Gatifloxacin (also known as AM-1155, CG5501, and BMS-206584) has been established as a fluoroquinoline broad-spectrum antibiotic (Fukuda et al. 1998) (Fig. 10). It was originally discovered by Kyorin Pharmaceuticals in the late 1980s as a hemihydrate that was recrystallized from methanol (Masuzawa et al.1991). This crystalline form was found to be hygroscopic and resulted in poor tablet disintegration and dissolution. In the mid-1990s, a sesquihydrate was found by Kyorin with improved properties (Matsumoto et al. 1999). The compound was licensed to Bristol-Myers Squibb (BMS) in 1996 with two hydrated forms disclosed.
Fig. 10: Structure of gatifloxacin
Initial clinical formulations at BMS utilized the sesquihydrate in a wet granulation process. The clinical batch failed specifications when a new crystal form was discovered in the batch. The new crystal form was confirmed as a pentahydrate (Raghaven et al. 2002), which was found to be less soluble and more stable in various formulations (wet granulations, dry blends, and aqueous suspensions). Issues with the initial clinical sesquihydrate formulation, as well as difficulty producing pure sesquihydrate material, had prompted crystallization studies to find a better understanding of the solid form landscape.
Crystallization studies using only ethanol, water, and various drying conditions resulted in 12 additional forms for gatifloxacin (Fig. 11) (Raghaven et al. 2002). These studies added considerable elements to the development timeline of the compound, including finding the forms, developing API processes for the desired forms, optimizing clinical formulations, and requalifying analytical methods. While the pentahydrate exhibited superb physical properties for the API and formulation, it was also found to be less bioavailable compared to the sesquihydrate. This resulted in a switch back to the sesquihydrate form for the marketed tablet formulation Tequin®, approved in 1999 (Fish and North 2001). Potentially fatal blood sugar problems resulted in a blackbox warning for Tequin®, as well as a subsequent removal of Tequin® from the US and Canadian markets in 2006. The sesquihydrate was subsequently used in the production of ophthalmic solutions, Zymar® and Zymaxid®. After the compound patent had expired in 2010, Apotex started to use the hemihydrate in their generic product.

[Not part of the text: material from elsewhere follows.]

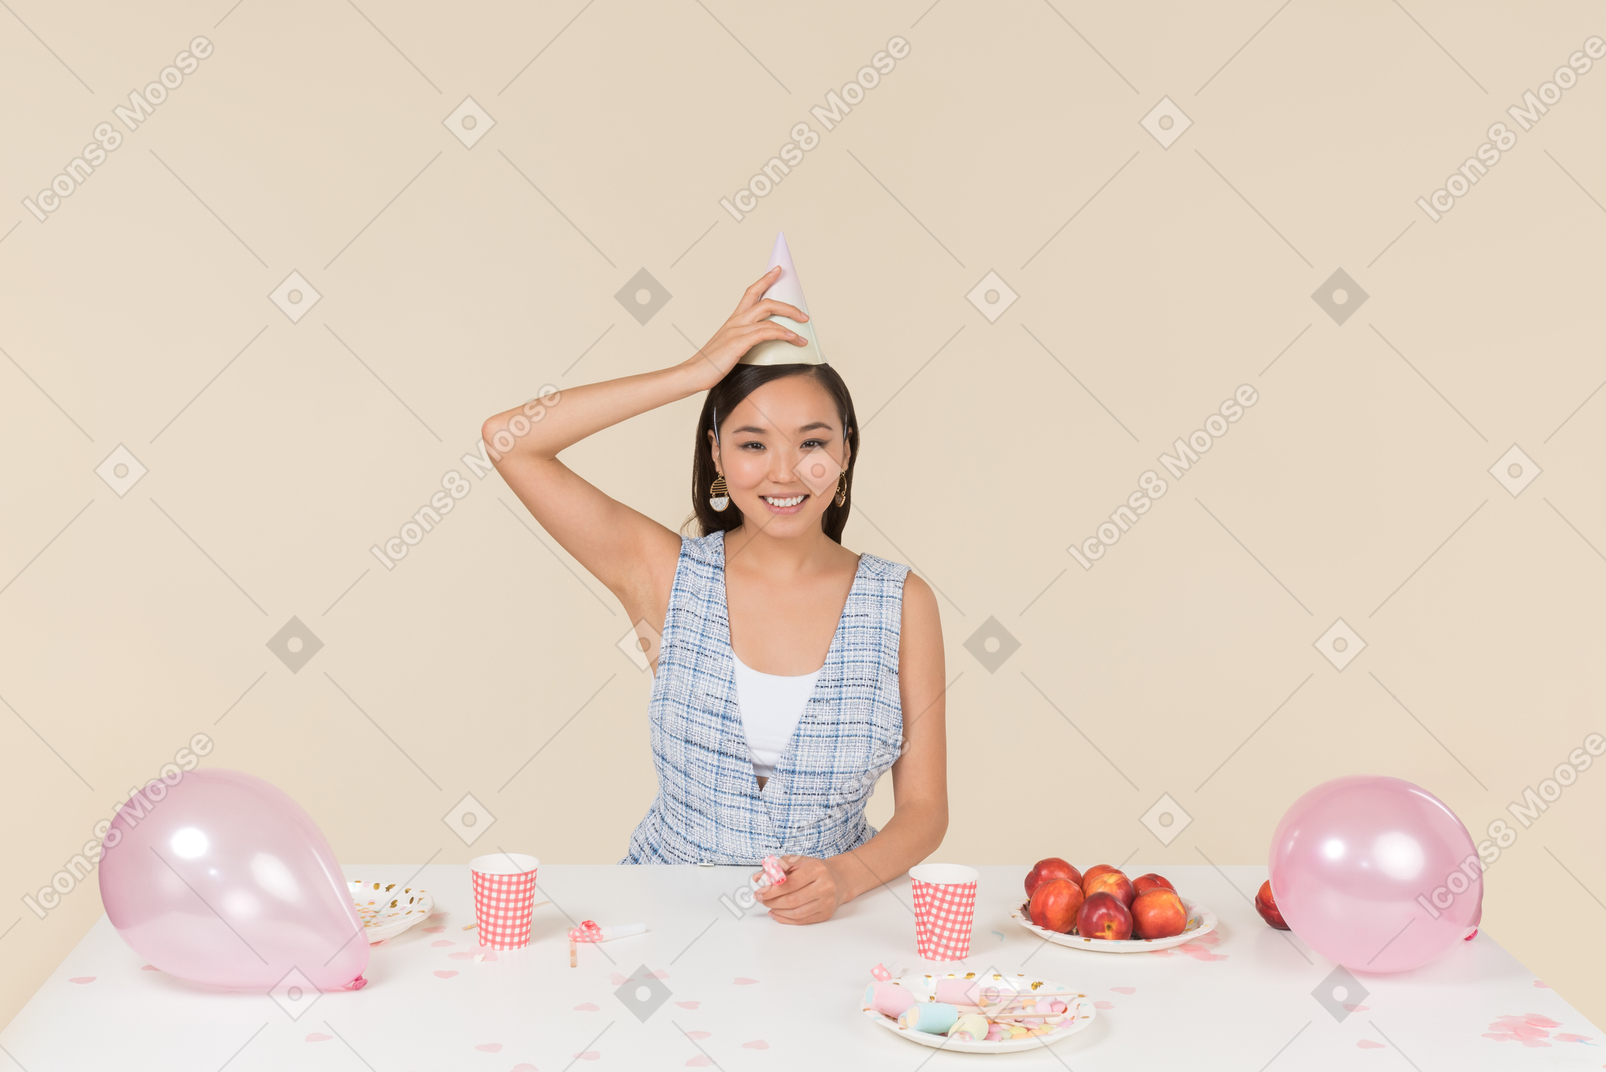 Jeune femme asiatique ajustant le cône d'anniversaire sur sa tête
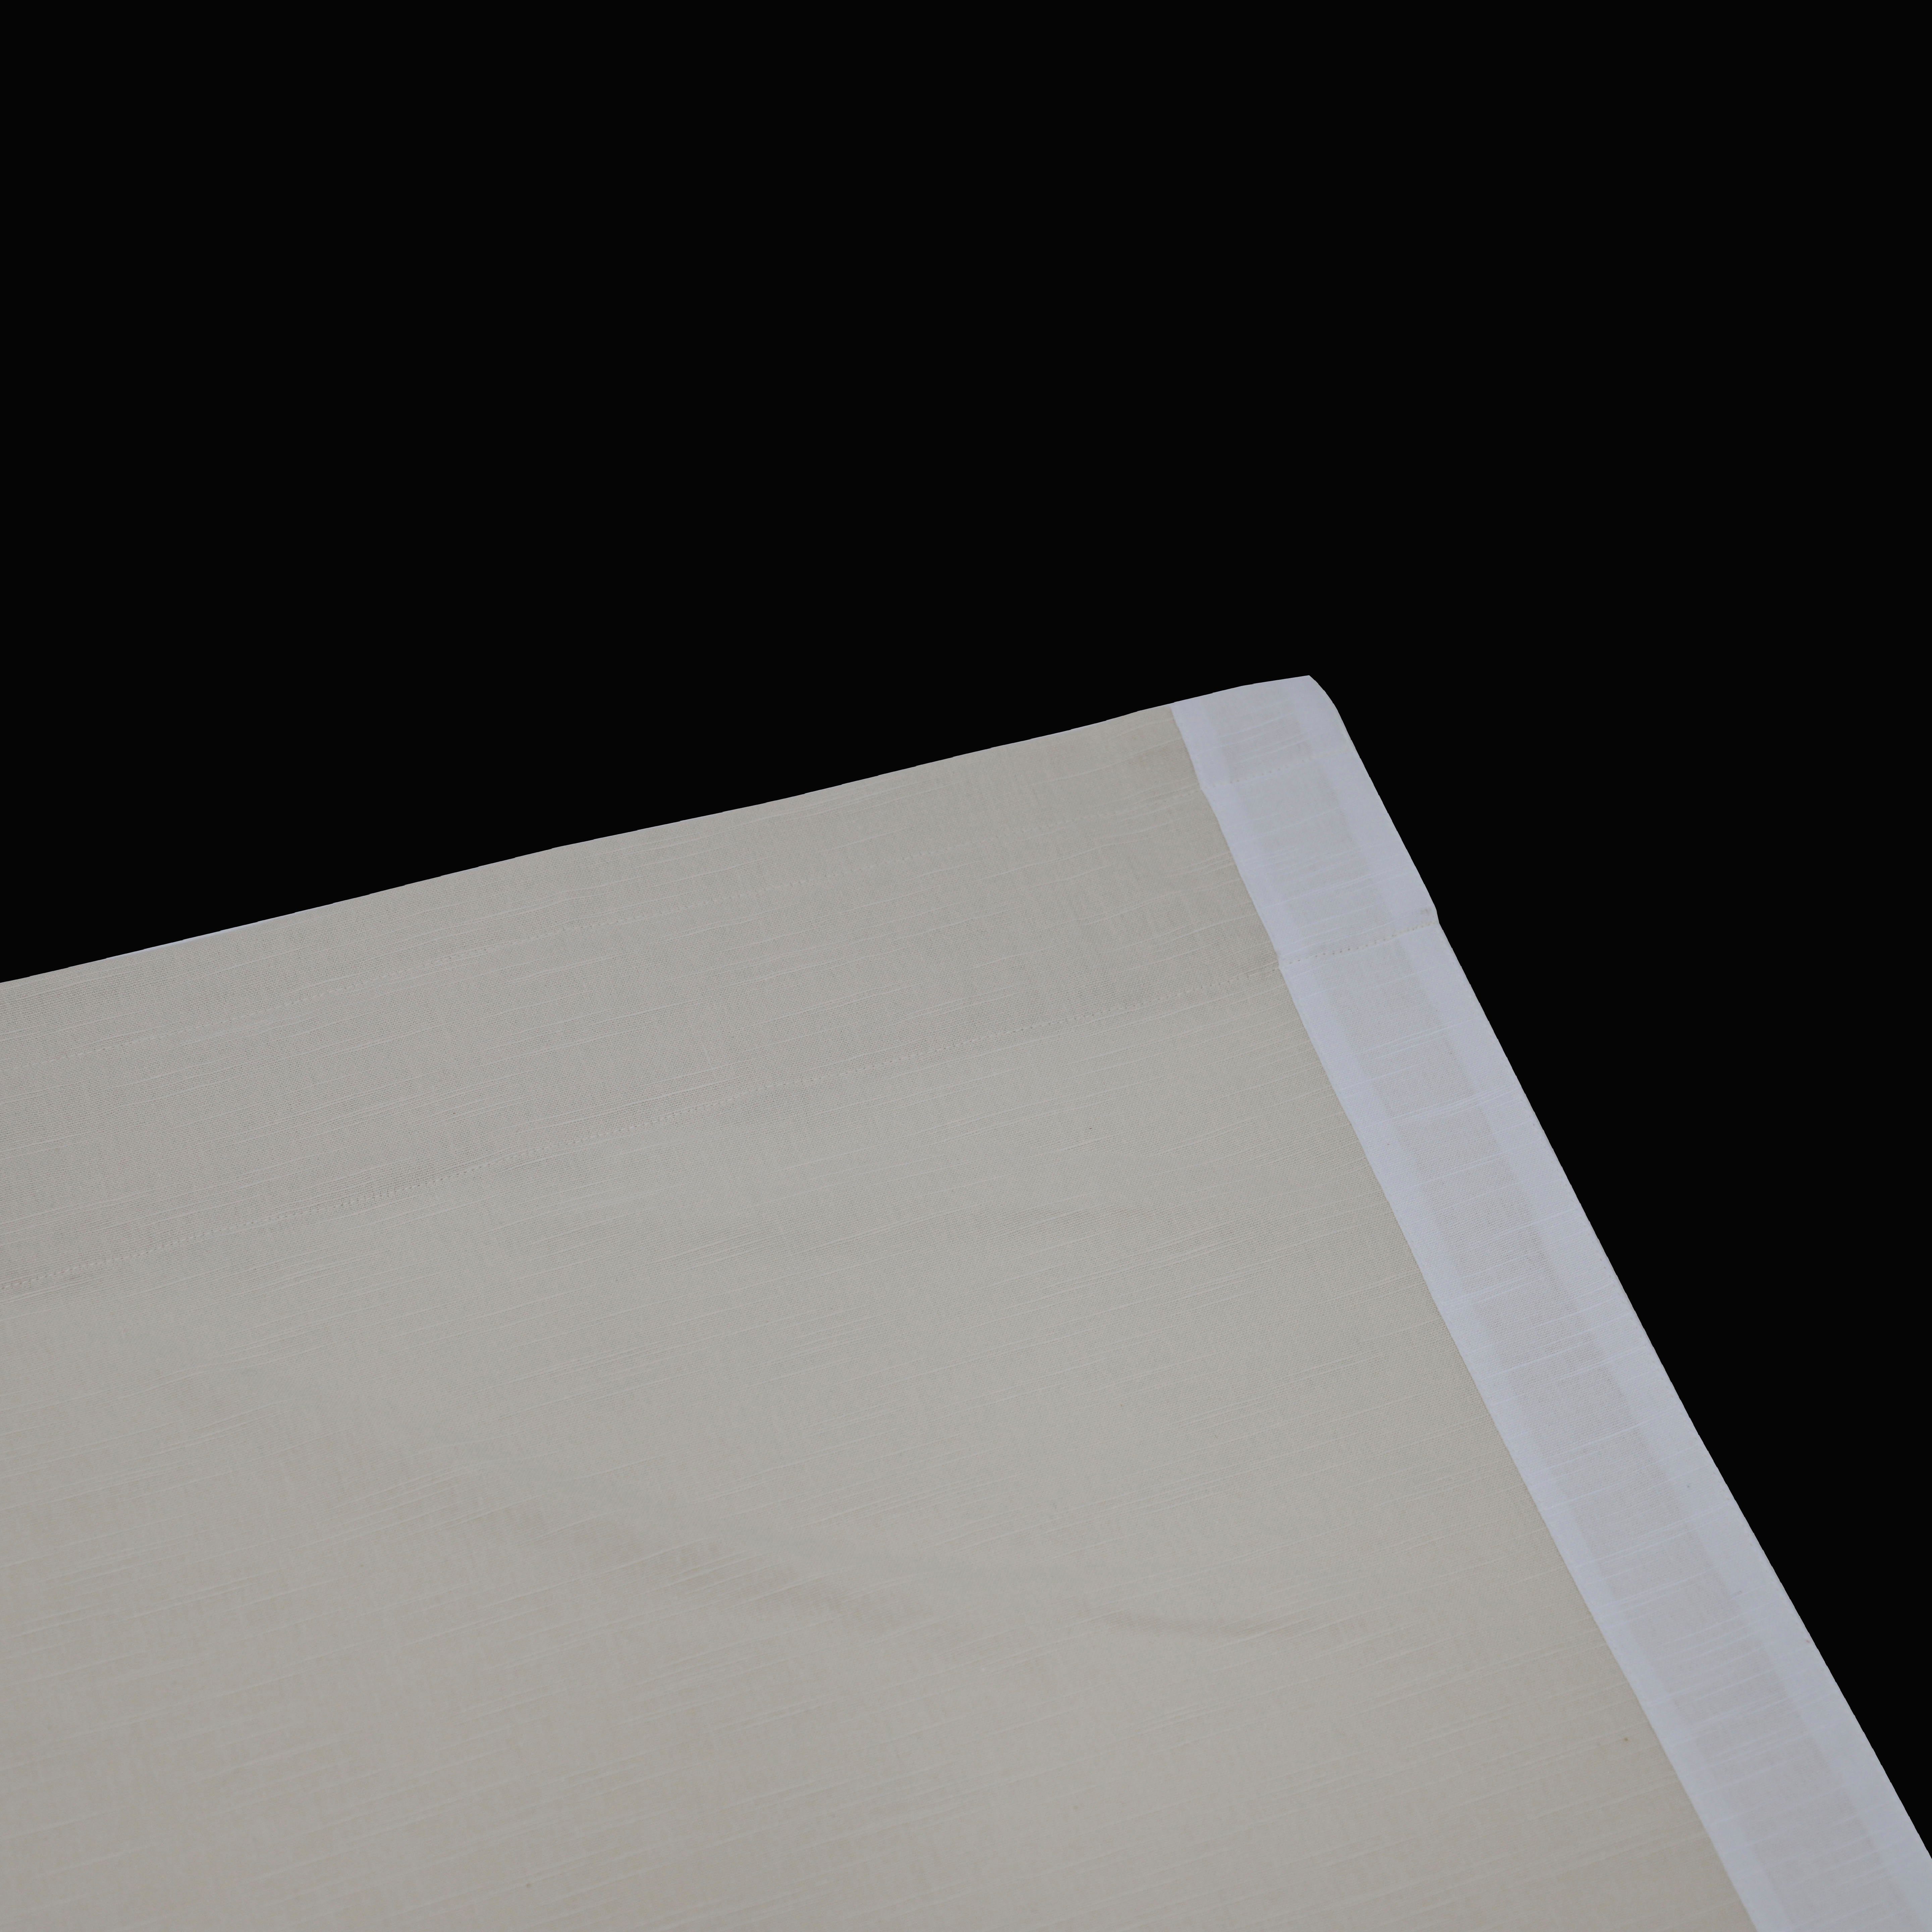 Vorhang Matias, andas, Stangendurchzug (1 Größen blickdicht, monochrom, beige/weiß blickdicht, verschiedene St)

Fig. 11: Gatifloxacin crystalline forms from ethanaol, water, and various drying conditions (adapted from reference (Raghaven et al. 2002))
Gatifloxacin has provided an example of multiple form changes throughout mid to late stage development. These changes created significant additional work around API crystallization development, formulation processing, analytical methods, and biological studies (i.e., bridging and bioequivalence studies). This case study has also demonstrated the criticality of due diligence for in-licensed compounds, including proper screening. Companies that in-license a compound should ask specific questions about the solid form studies that were performed to determine the scope of knowledge and inter-relationships between forms, and how the solid form landscape would impact the desired dosage form and development plan. For companies that out-license a compound, a solid form study targeted toward the most stable form, crystallization conditions, and formulation processes have resulted in a much stronger package.
While the initial package for gatifloxacin seemed straightforward with only two hydrated forms, it should be classified as an "ugly" scenario due to the solid form changes and additional studies.